Task item:
Write out the lines below once more, exactly as they appear. Do not include pictures.

Data provided:
------------------------------
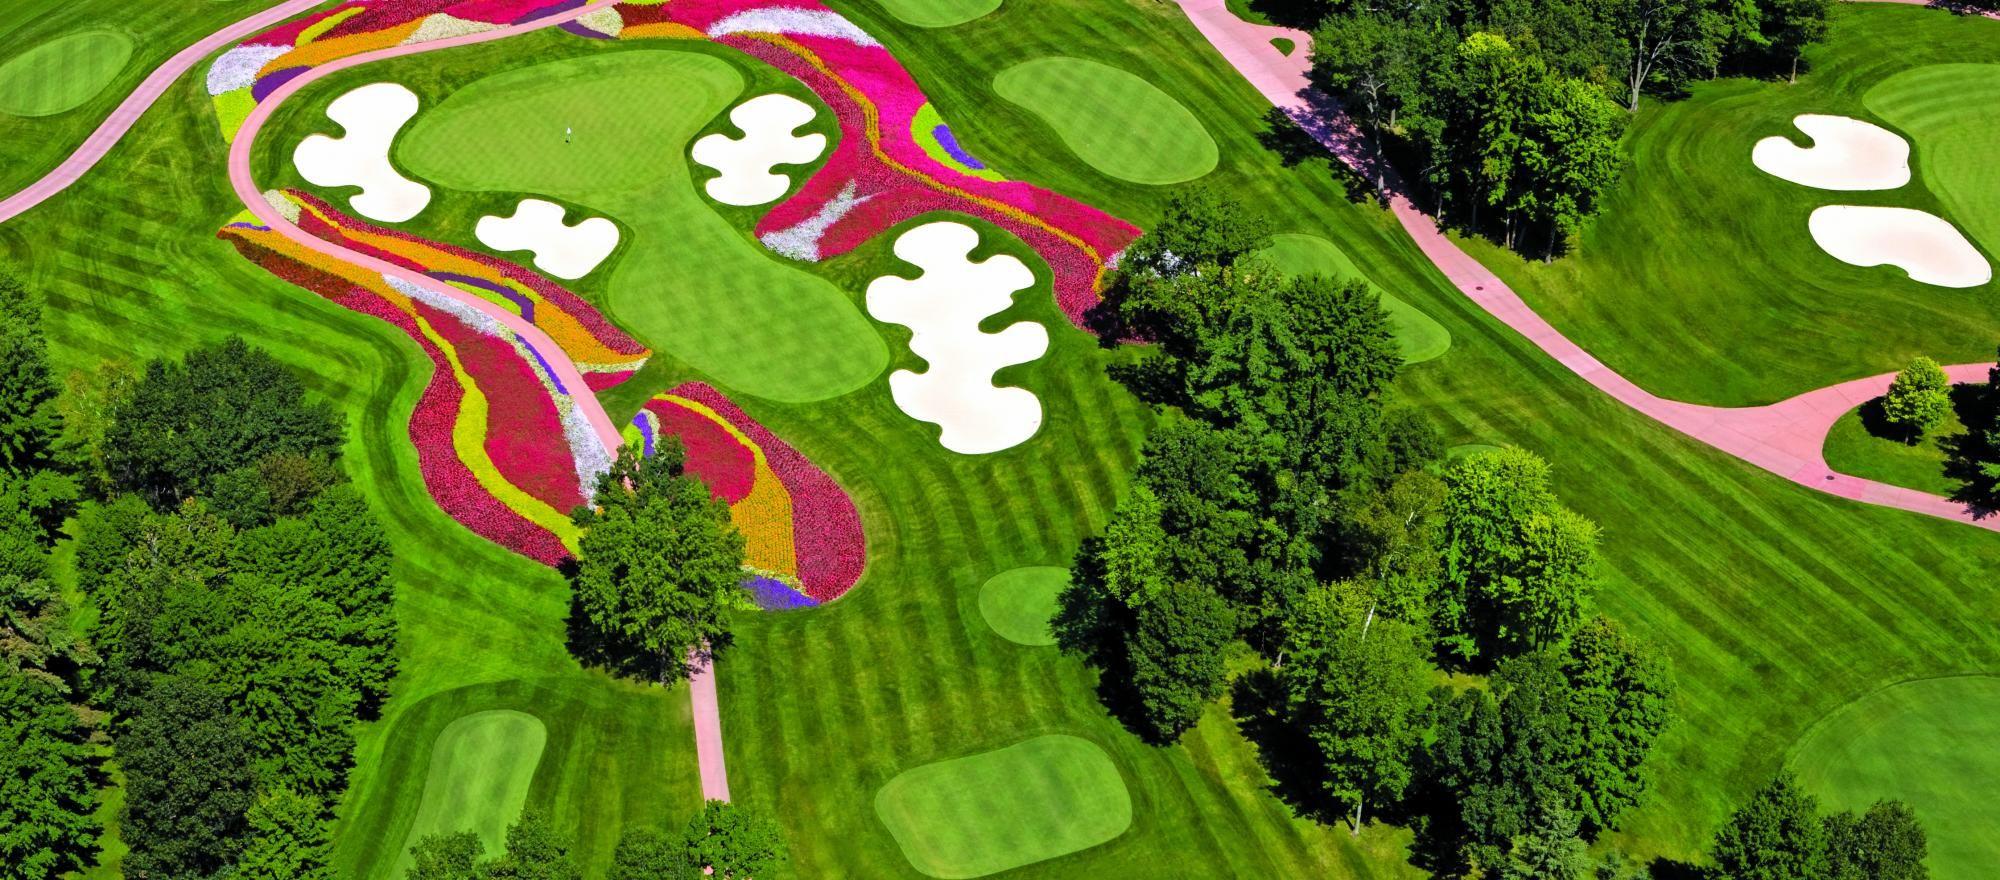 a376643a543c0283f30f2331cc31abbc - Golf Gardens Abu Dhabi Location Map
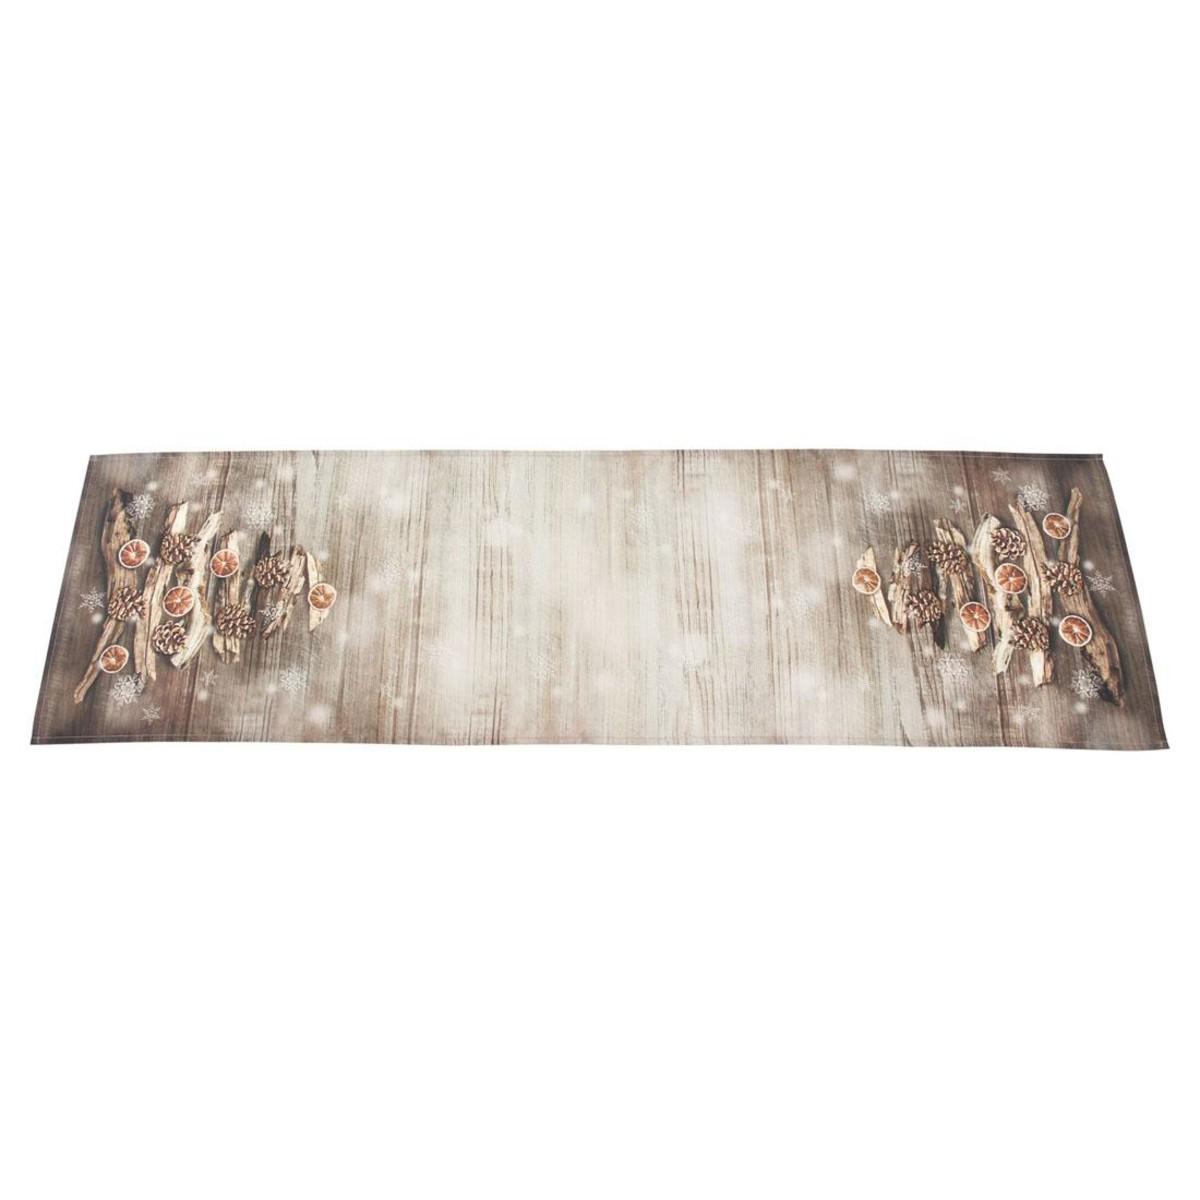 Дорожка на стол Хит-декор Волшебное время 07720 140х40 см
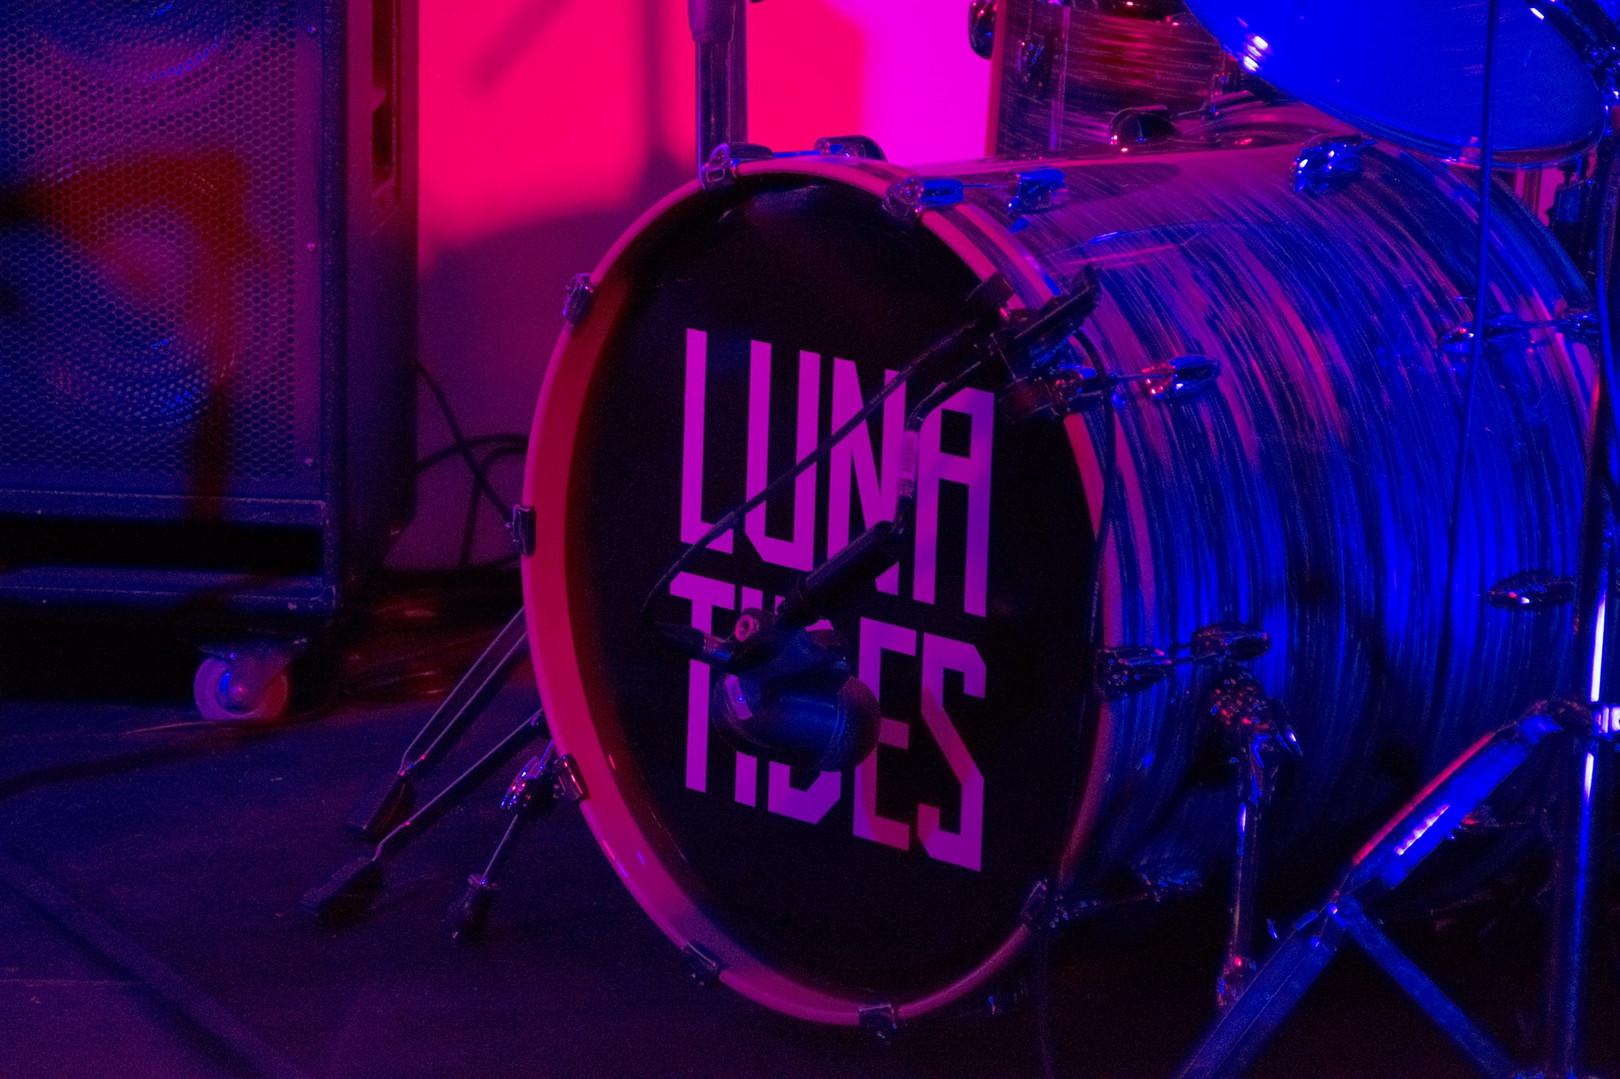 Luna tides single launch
------------------------------
Expected answer:
 a376643a543c0283f30f2331cc31abbc - Golf Gardens Abu Dhabi Location Map
 Дорожка на стол Хит-декор Волшебное время 07720 140х40 см
 Luna tides single launch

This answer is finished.